Her GL didn’t respond, and her contract didn’t limit her liability. Unfortunately, she had no professional liability coverage either.
She spent tens of thousands in legal fees just to get it dismissed.
This is the part 1099s don’t understand: you don’t have to be wrong to get sued, you just have to be involved.
Why Their Contract Matters Just as Much as Their Coverage
Most 1099s either don’t have a contract or they’re using something they pulled off Google. And those templates rarely address:
- What each party is responsible for
- What insurance each party must carry
- Who indemnifies who
- What happens if advice leads to financial loss
- Where liability begins and ends
When a claim hits, the carrier will ask for the contract immediately. If it’s weak or nonexistent, the 1099 could be in trouble.
This is why producers should always ask for the agreement upfront. It tells you more about their exposure than any application ever will.
The Agent’s Role: Protecting the Client and Yourself
When you’re working with 1099s, you’re not just quoting a policy. You’re helping them understand the business they’re running.
Producers should be:
- Breaking down the difference between GL and professional liability
- Asking for contracts before quoting
- Pointing out where advice or recommendations create exposure
- Explaining that being named in a lawsuit doesn’t require fault
- Making sure subcontractors are addressed
- Documenting conversations to protect their own E&O
This isn’t about selling more, it’s about making sure your client doesn’t get blindsided by something they never saw coming.

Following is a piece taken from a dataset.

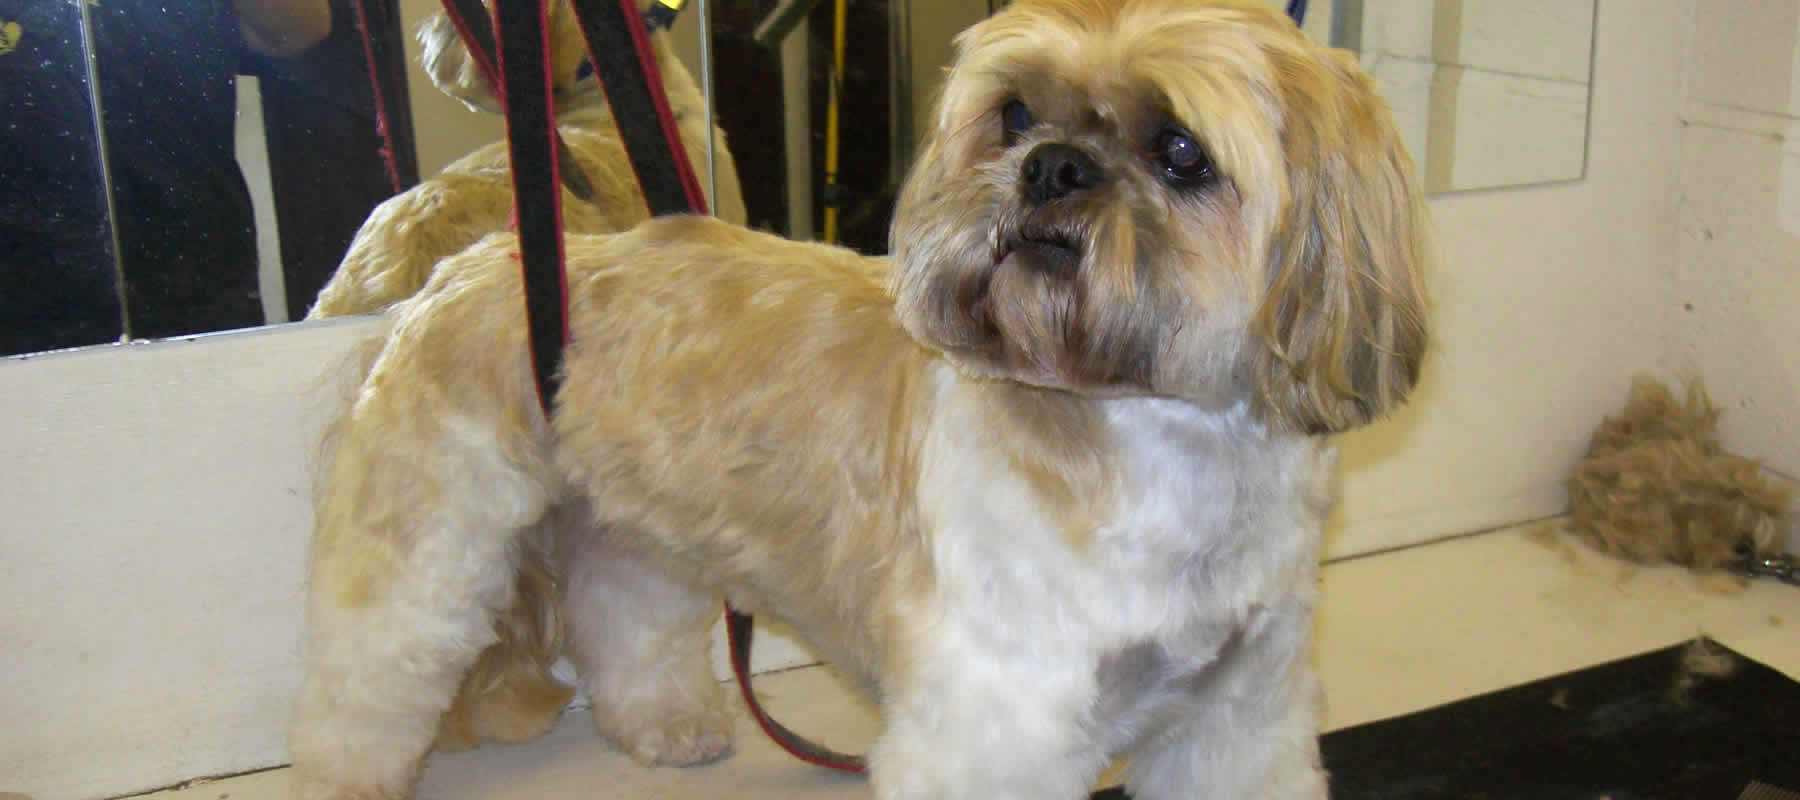 Dapper Dogs Professional Dog Grooming in Cheadle Dog Groomers Cheadle

Helping Agents Serve 1099s With Confidence
Independent contractors are not “simple accounts.” They’re small businesses with complex exposures, and they need agents who understand:
- Contractual liability
- Professional liability triggers
- How financial loss claims work
- How to position coverage in a way clients understand and value
That’s why Elevated Success trains agents to move beyond quoting and into true advisory work, so they can protect clients fully and confidently. Sign up for Elevated Success’s comprehensive training class today!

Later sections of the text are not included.